With mashed potatoes on the approved list, Sheperds Pie was now fair game! Sheperds Pie: the greatest one pan dinner of all time. Spooning a heap of Sheperds Pie makes me feel like I just walked into a cozy English pub on a rainy nights, the definition of comfort, happiness on a plate.
You can’t have great shepherds pie with average mashed potatoes. I like medium sized yukon gold potatoes for their color and their taste, not quite as sweet as red skinned potatoes. Boil the potatoes, give them a few minute of high heat to get excess moisture out, then mash them with a combination of salted butter, heavy cream and milk. Heaven. Be sure to make extra for leftovers!
I prefer to make Sheperds Pie with ground turkey instead of ground beef, to lighten things up a bit. As far as I’m concerned, having a thick cover of mashed potatoes is a great reason to stud the meat with a bunch of veggies and spices, a little excitement under the sheets. I give the turkey some exotic notes with the addition of cinnamon and raisins and a splash of sherry. Finally, I round things out with plenty of carrots, peas and a little corn for added color.

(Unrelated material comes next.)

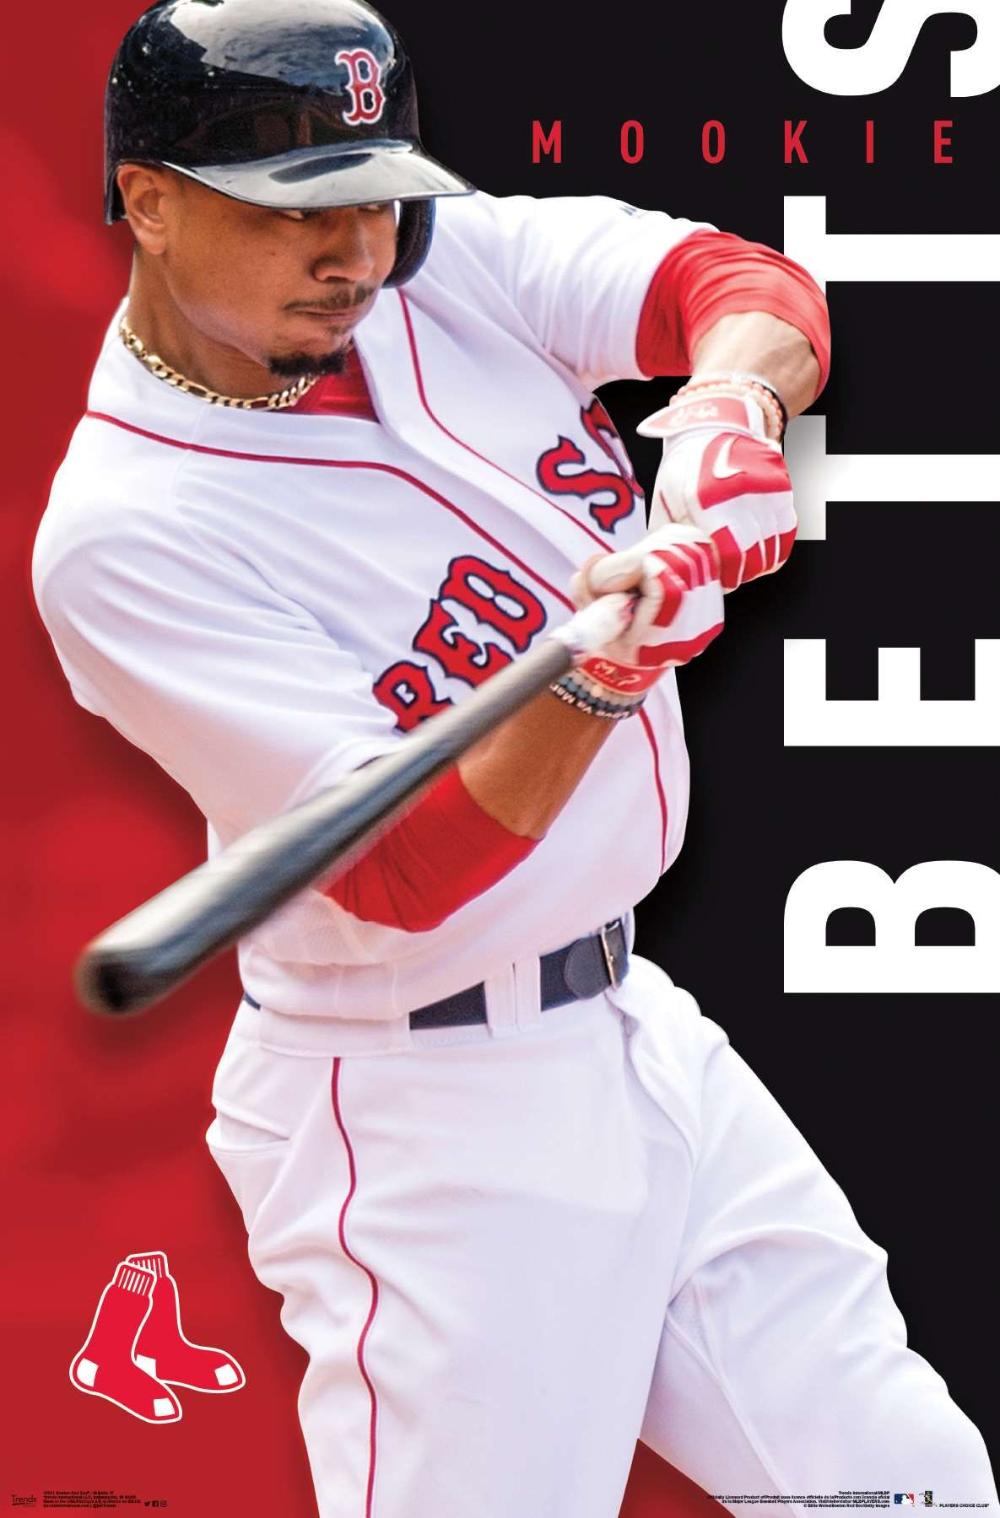 Mlb Boston Red Sox Mookie Betts Red Sox Nation Boston Red Sox Red Sox Baseball

My love of cheese knows no bounds, so I round out my sheperds pie with a sprinkle of grated cheddar. Swiss cheese would be fine as well. You could also leave your mashed potatoes plain, and no one would judge you.
- 2 pounds of ground turkey meat
- ¼ cup of sherry
- ½ sweet onion, diced small
- 6 carrots, peeled and cut into small dice
- ¾ cups of frozen peas
- ¼ cup of frozen corn
- ½ cup of raisins
- 8 large idaho potatoes
- 4 tablespoons of butter
- ½ cup of heavy cream
- ½ cup of milk, more if consistency is not smooth enough
- 1 teaspoon of cinnamon
- salt and pepper to taste
- First, make the mashed potatoes. Peel and quarter the potatoes. Boil until a knife can be inserted easily.

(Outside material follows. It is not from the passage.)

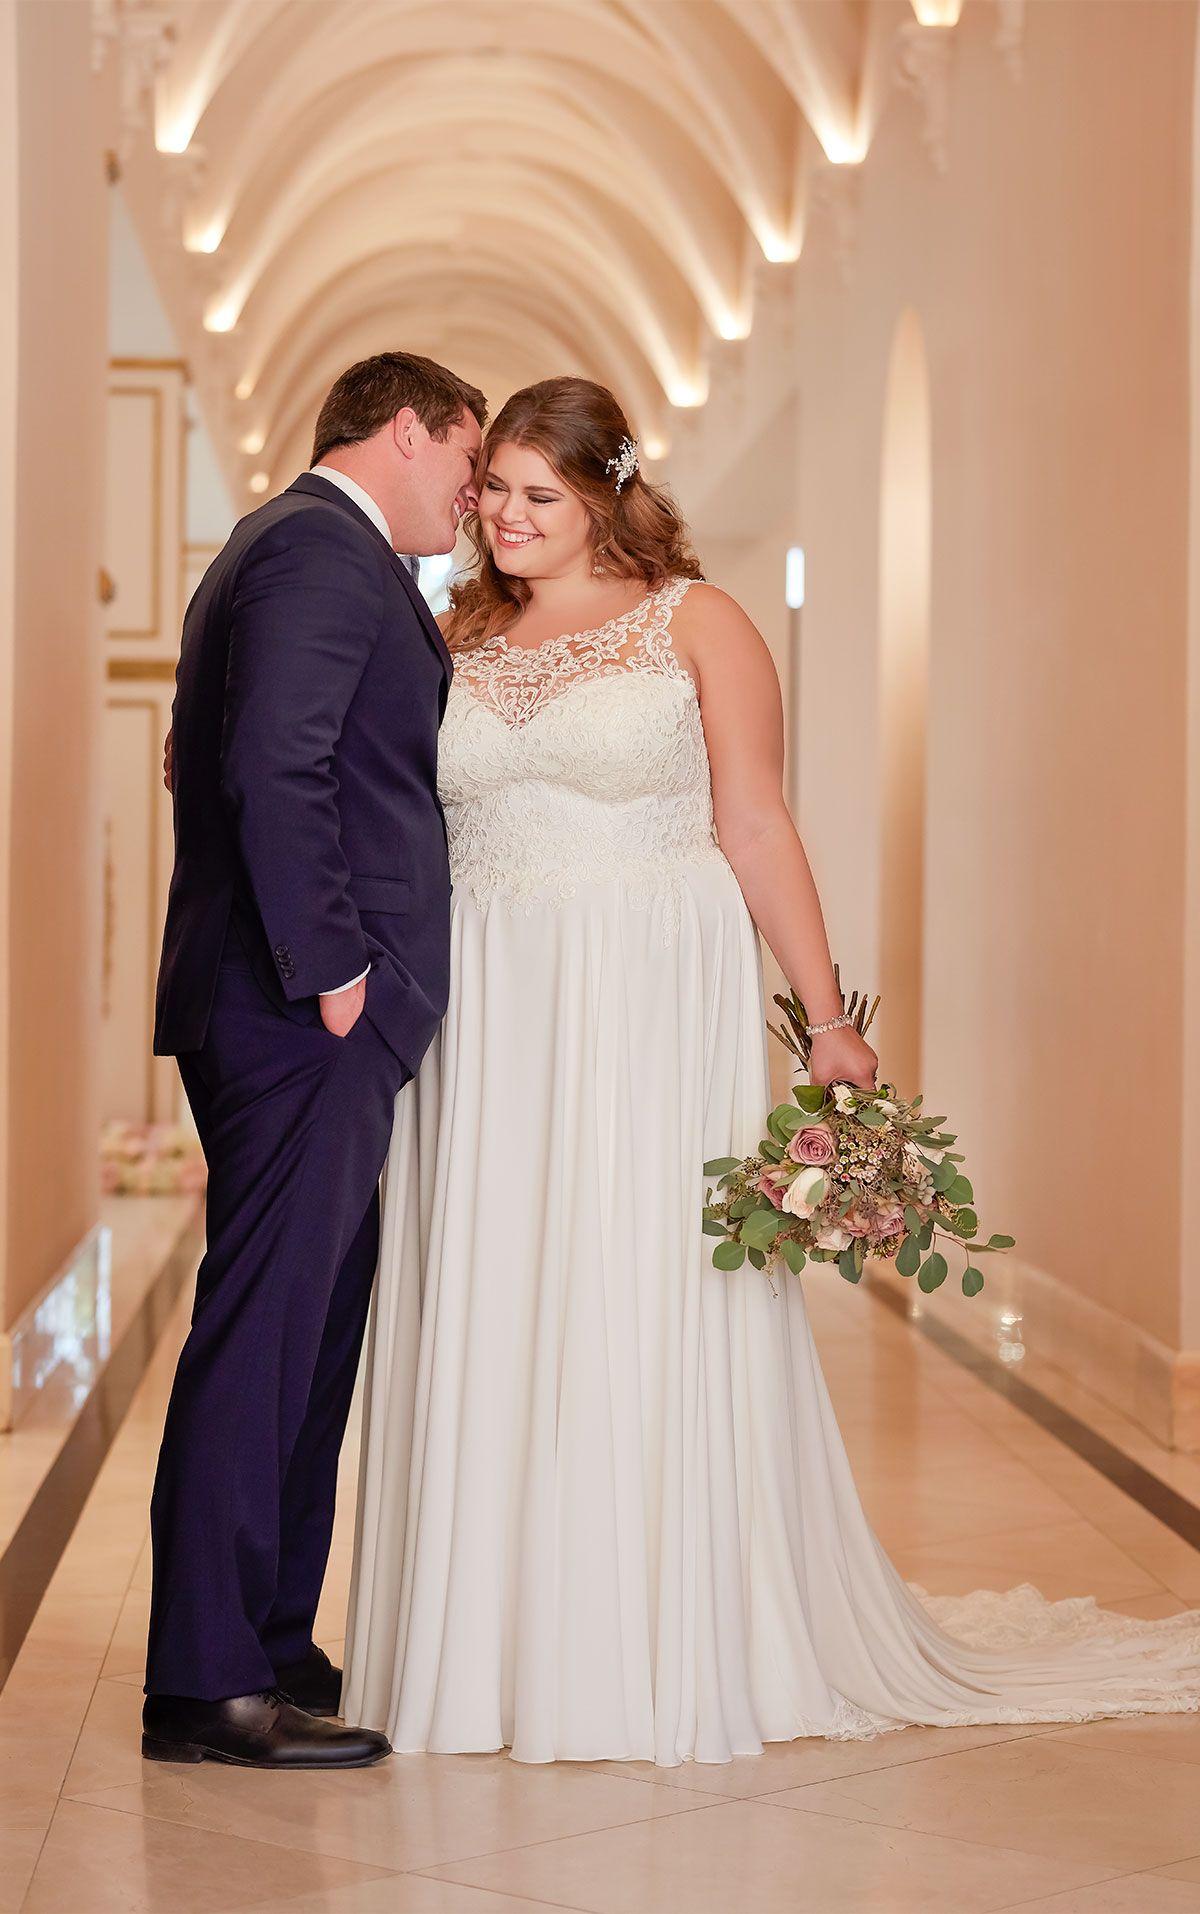 Sweet beach wedding dress wedding dresses pinterest wedding

- Drain the water. Put the pieces back in the pan and cook over high heat, tossing frequently, for a minute, to dry out the excess water.
- Using either a potato ricer or a potato masher, mash the potatoes. A ricer is the best way to get those perfectly smooth potatoes, but I only use it on special occasion nights. When I'm in a rush, the potato masher will do, leaving a lumpier texture.
- Once the potatoes are mashed, add the butter, cut into tablespoon chunks. Add the heavy cream and mash. Finish with the milk. Take a look at the consistency, if it's way too chunky, add another ¼ cup of milk and mash until as smooth as you like them.
- Now time to cook your meat. Brown the turkey meat with the onions, on medium heat for 10 minutes. Now add the sherry and cinnamon and give the bottom of the pan a good scrape to blend with the liquid. Cook for 3 minutes until the liquid is evaporated.
- Now add the carrots, peas and corn. Cook for another 5 minutes until softened.
- Layer the meat in a 9x12 pyrex pan. Cover with the mashed potatoes. Grate ½ cup of cheddar cheese (if you like cheese) on top. Cook at 375 degrees fahrenheit for 30 minutes.